“My Grandfather’s Clock,” is, actually, Dan Parker’s family clock.
If you sat in any elementary school classroom in the U.S. over the last century or more there’s a good chance you sang or heard the rhythmic beat of a song about, yes, that grandfather clock.
"My grandfather's clock was too large for the shelf
So it stood ninety years on the floor
It was taller by half than the old man himself
Though it weighed not a pennyweight more
It was bought on the morn of the day that he was born
And was always his treasure and pride
But it stopped, short never to go again
When the old man died..."
That very clock sat in Dan Parker’s grandfather’s home in Massachusetts when Parker, now retired and living at the Holly Creek retirement community in Centennial, was growing up.
“The first time I was aware of it I was about 5 years old or so,” Parker said. “We lived on the second floor of the farmhouse and my grandparents were on — the clock lived on the first floor. I'd hear it strike and that didn't bother me any. But then the first time I saw it I was about, oh, I don't know, but maybe 36, 40 inches tall … I had to just about bend back over to see the top.”

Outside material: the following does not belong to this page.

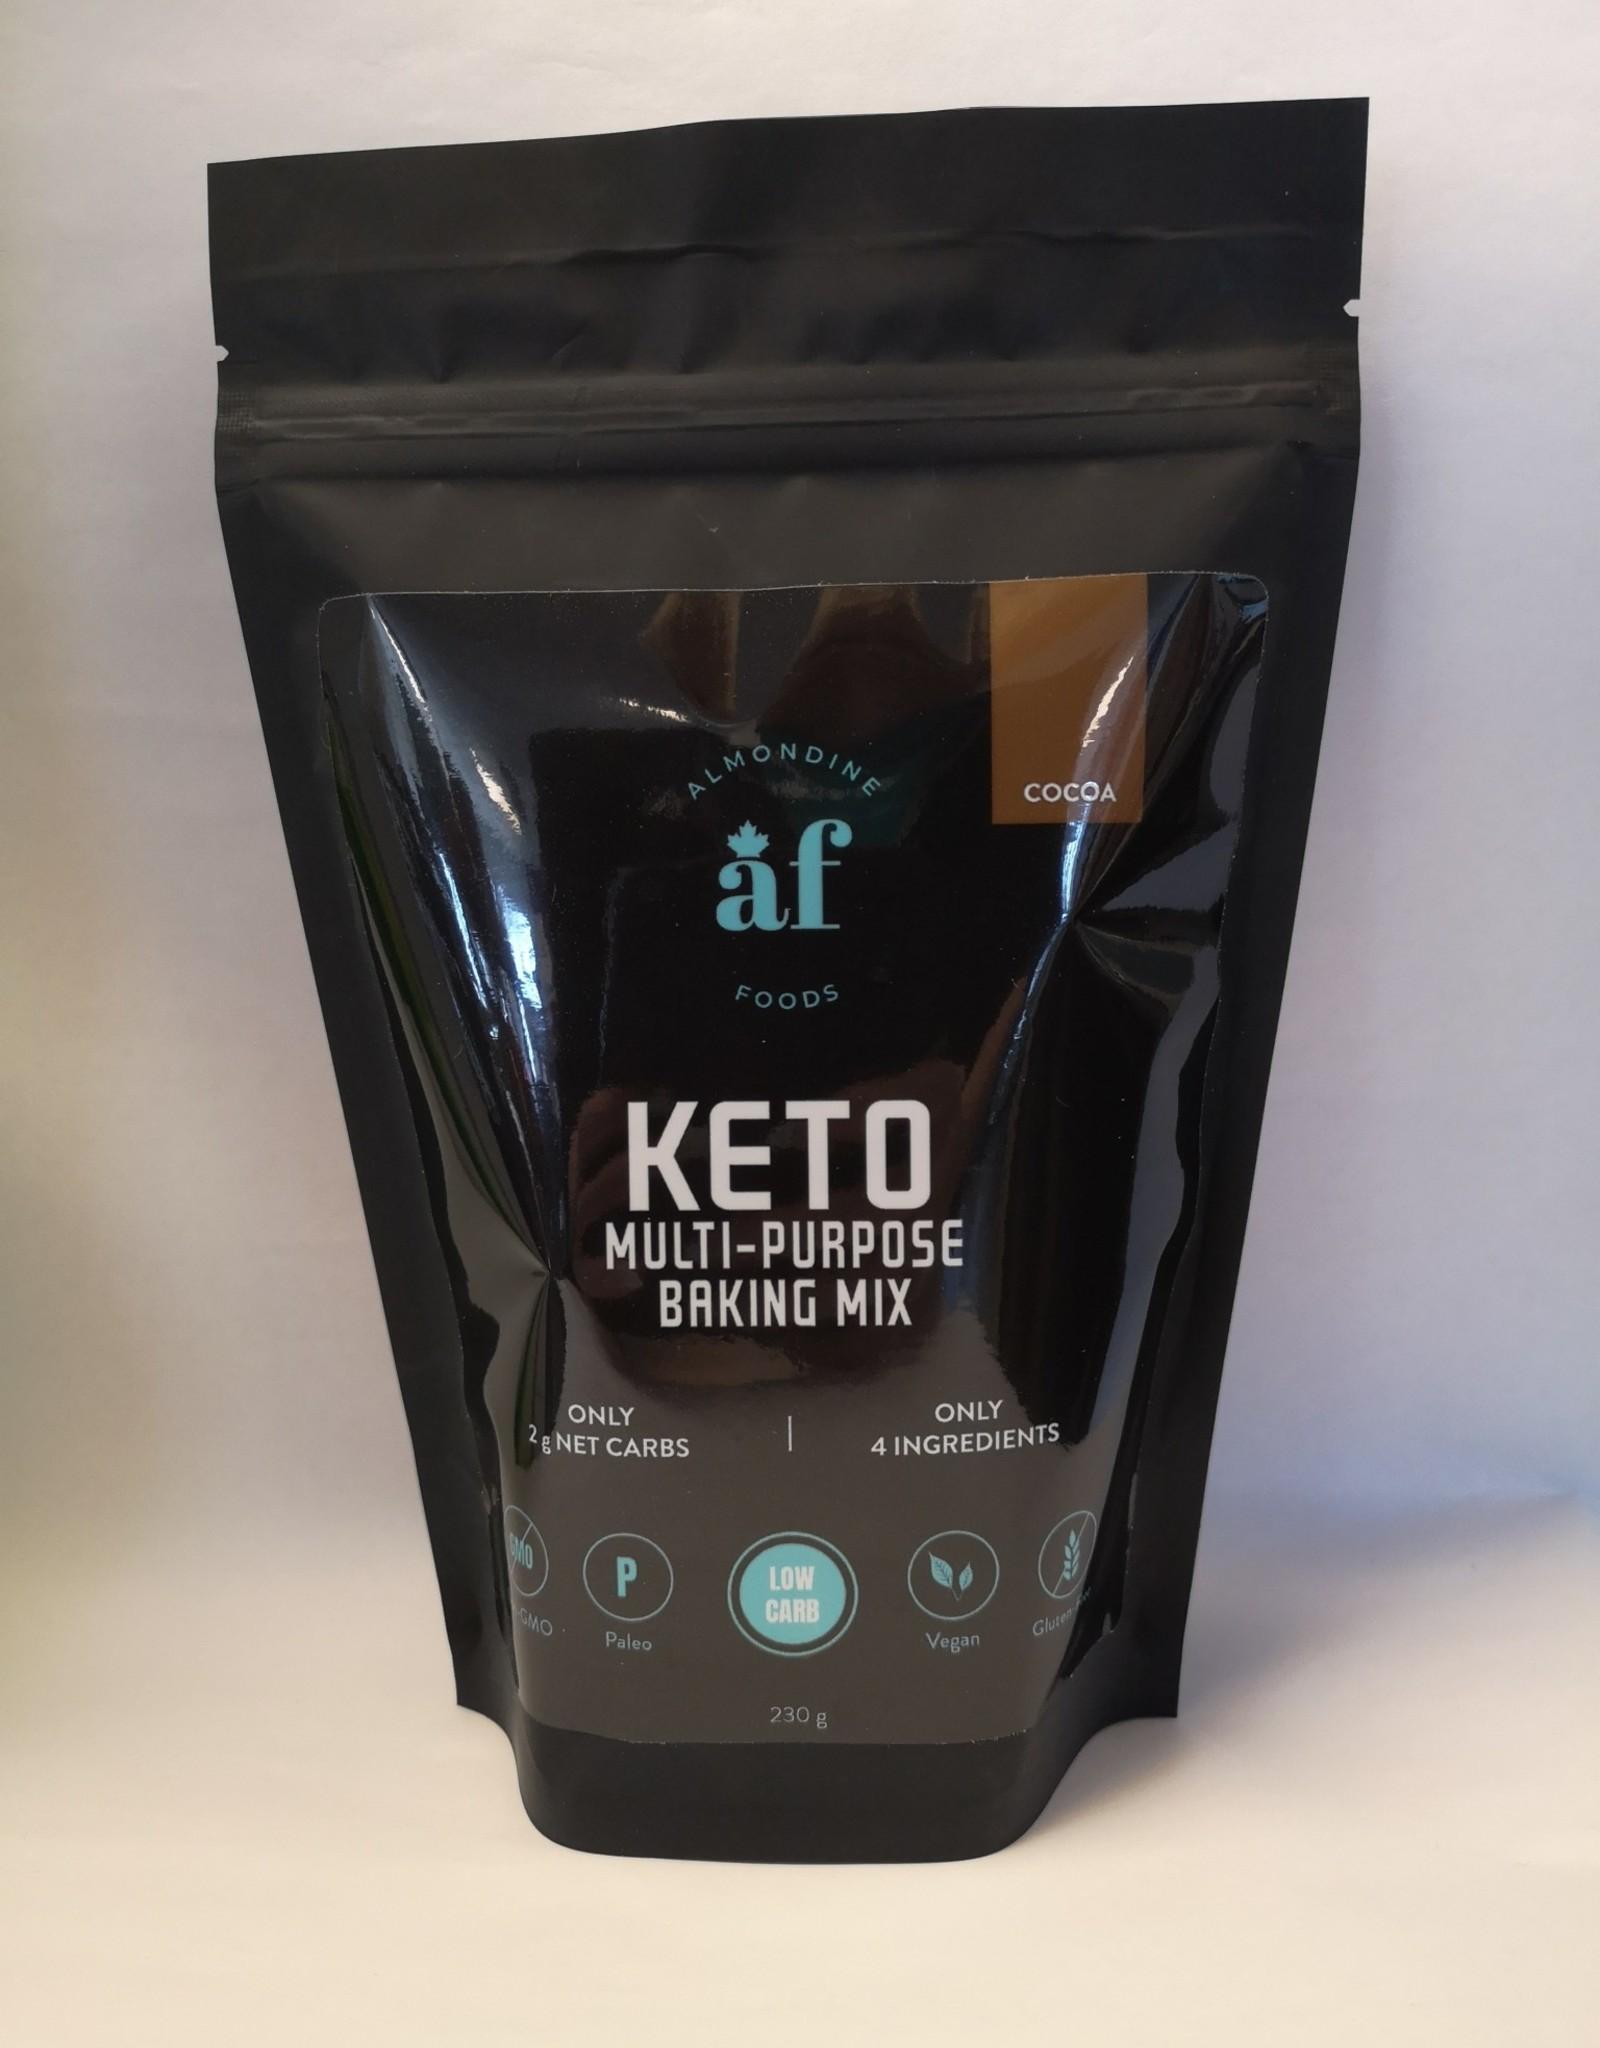 Almondine Foods - Cocoa Keto Baking Mix, (230g)

The song was written in 1876 by a well-known composer named Henry Clay Work, who was married to Parker’s second-great aunt. Counting back from then and noting the song’s lyric “it stood 90 years on the floor,” Parker figures the clock was built sometime in the early 1790s.
The earliest known recording was by the Haydn Quartet.
There were many others, including this one from Burl Ives. (For reference, Ives narrated the 1964 TV special “Rudolph the Red-Nosed Reindeer.”)
By family tradition the clock would have passed down to Parker but he was living in Colorado by then and didn’t want to risk it in a cross-country move or subject it to the dry Rocky Mountain air. The clock’s now at a relative’s house in Massachusetts.
“My Grandfather’s Clock” doesn’t just resonate in the United States. It’s got a big audience overseas, including in Japan where schoolchildren sing it to learn English. Japanese pop star Ken Hirai recorded it twice in the U.S., once in composer Work’s hometown. The record he made there sold 400,000 copies.
That drew the attention of his record producer, so Hirai returned with a film crew and recorded a version in front of the clock. It was beamed back to Japan for a New Year’s celebration.
The clock drew interest from the Smithsonian for awhile but that faded after what had to be a one-in-a-million accident. The clock was in its usual spot in the family home when a car outside missed a curve and barreled into the house.
“It destroyed the case but it didn't damage the works. And it didn't even break the finials on the top, but it shattered the case,” Parker recounted.
“The pendulum went across the room, through the wall, right across the bedroom where my parents were sleeping and below the bed and lodged in the outside wall of the house.”
A cabinetmaker picked up the pieces and put it all back together.